Голос. Ты забываешь свое «я». Цени свою индивидуальность и презирай низкий народ.
Я. Я и без твоих слов ценю свою индивидуальность. Но народа я не презираю. Когда-то я сказал: «Пусть драгоценность разобьется, черепица уцелеет». Шекспир, Гете, Тикамацу Мондзаэмон когда-нибудь погибнут. Но породившее их лоно — великий народ — не погибнет. Всякое искусство, как бы ни менялась его форма, родится из его недр.
Голос. То, что ты написал, оригинально.
Я. Нет, отнюдь не оригинально. Да и кто оригинален? То, что написали таланты всех времен, имеет свои прототипы всюду. Я тоже нередко крал.
Голос. Однако ты и учишь.
Я. Я учил только невозможному. Будь это возможно, я сам сделал бы это раньше, чем стал учить других.
Голос.

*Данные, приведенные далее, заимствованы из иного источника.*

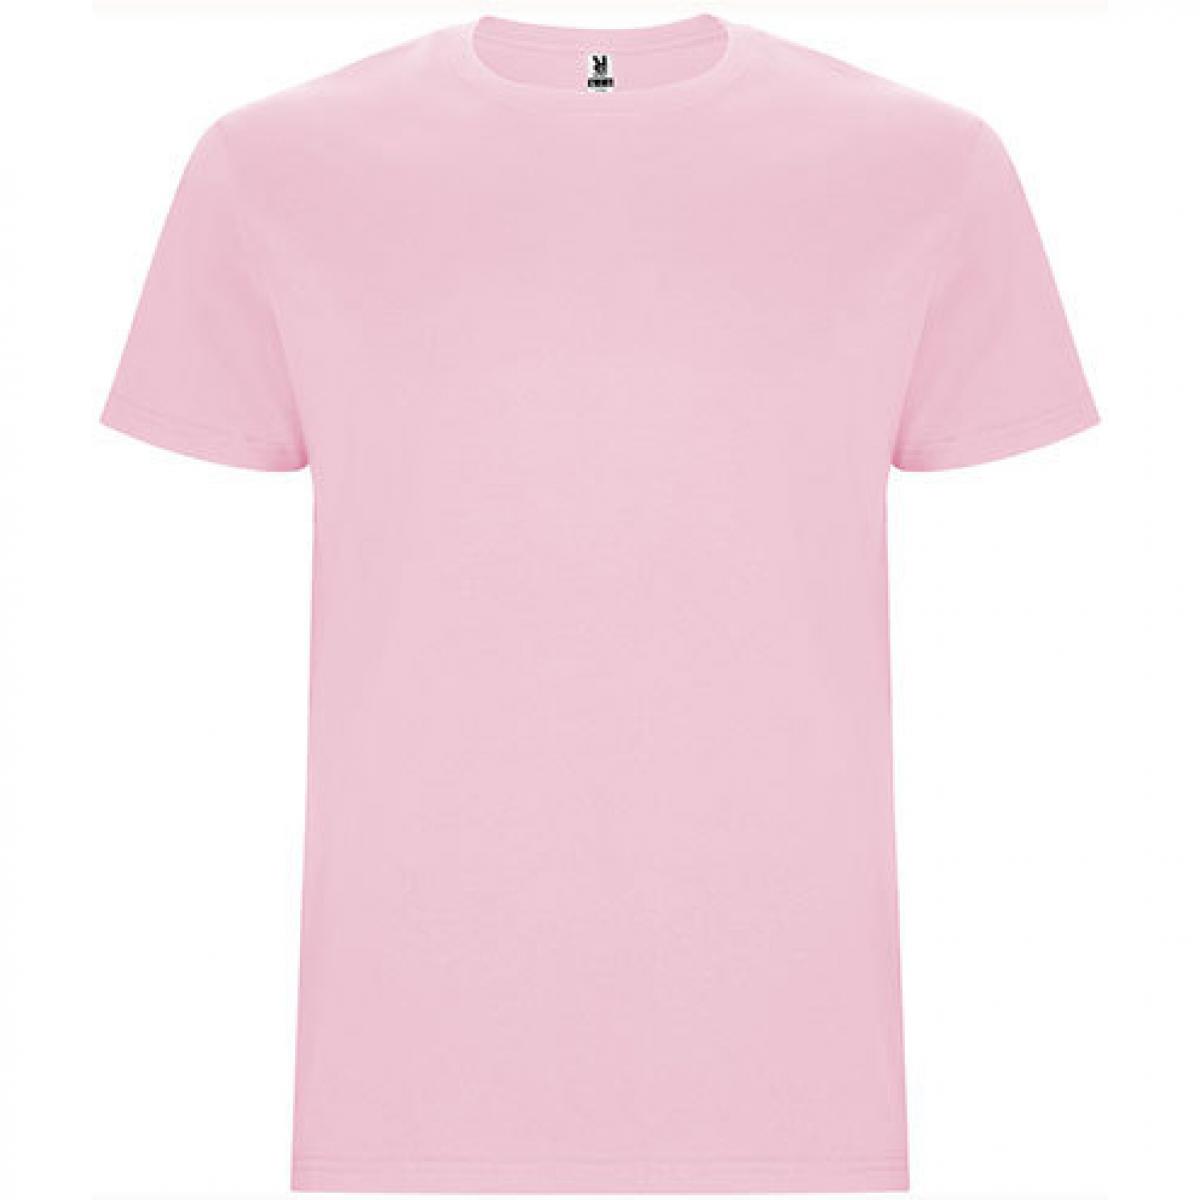 Hersteller: Roly Herstellernummer: CA6681 Artikelbezeichnung: Stafford T-Shirt - Doppellagiger Rundhalskragen Farbe: Light Pink 48

Не сомневайся в том, что ты сверхчеловек.
Я. Нет, я не сверхчеловек. Мы все не сверхчеловеки. Сверхчеловек только Заратустра. Но какой смертью погиб Заратустра, этого сам Ницше не знает.
Голос. Даже ты боишься общества?
Я. А кто не боялся общества?
Голос. Посмотри на Уайльда, который провел три года в тюрьме. Уайльд говорил: «Покончить с собой — значит быть побежденным обществом».
Я. Уайльд, находясь в тюрьме, не раз замышлял самоубийство. И не покончил он с собой только потому, что у него не было способа это сделать.
Голос. Растопчи добро и зло.
Я. А я теперь больше всего хочу стать добродетельным.
Голос. Ты слишком прост.
Я. Нет, я слишком сложен.
Голос. Но можешь быть спокоен. У тебя всегда будут читатели.
Я. Только после того, как перестанет действовать авторское право.
Голос. Ты страдаешь из-за любви.
Я. Из-за любви? Поменьше любезностей, годных для литературных юнцов. Я просто споткнулся о любовь.
Голос. О любовь всякий может споткнуться.
Я. Это только значит, что всякий легко может соблазниться деньгами.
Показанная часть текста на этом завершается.